- City: Cleveland, Ohio
- League: American Hockey League
- Operated: 1937–February 1973
- Home arena: Cleveland Arena
- Colors: Royal blue, white

Franchise history
- 1929–1934 IHL: Cleveland Indians
- 1934–1937 IHL/I-AHL: Cleveland Falcons
- 1937–1973 I-AHL/AHL: Cleveland Barons
- 1973–1974: Jacksonville Barons
- 1974–1975: Syracuse Eagles

Championships
- Regular season titles: 8 (1937–38, 1943–44, 1944–45, 1946–47, 1947–48, 1949–50, 1950–51, 1952–53)
- Division titles: 10 (1937–38, 1940–41, 1943–44, 1944–45, 1946–47, 1947–48, 1949–50, 1950–51, 1952–53, 1961–62)
- Calder Cups: 9 (1938–39, 1940–41, 1944–45, 1947–48, 1950–51, 1952–53, 1953–54, 1956–57, 1963–64)

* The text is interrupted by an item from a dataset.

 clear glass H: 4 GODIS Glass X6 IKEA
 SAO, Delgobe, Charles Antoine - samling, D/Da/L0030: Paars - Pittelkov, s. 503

= Cleveland Barons (1937–1973) =

American Hockey League (1937–1973)

The Cleveland Barons were a minor league professional ice hockey team in the American Hockey League. They played in Cleveland, Ohio, at the Cleveland Arena. At the time they folded, they were the most successful team in AHL history, the original incarnation of the Barons played in the AHL from 1937 to 1973. In that time, they won ten division titles and nine Calder Cups, which, although the team had been defunct for over three decades, remained a record until 2009, when the Hershey Bears won their 10th Calder Cup. In 1973, they relocated to Jacksonville, Florida, where they were known as the Jacksonville Barons; they lasted only through the 1973–1974 season before folding.

==History==

Barons alternate logo.

The team traces its roots back to the 1929–30 season of the International Hockey League, as the "Cleveland Indians." The Indians played for five seasons, until being renamed the Cleveland Falcons for the 1934–35 season. The Falcons played for three more years, when they became the Barons in 1937–38.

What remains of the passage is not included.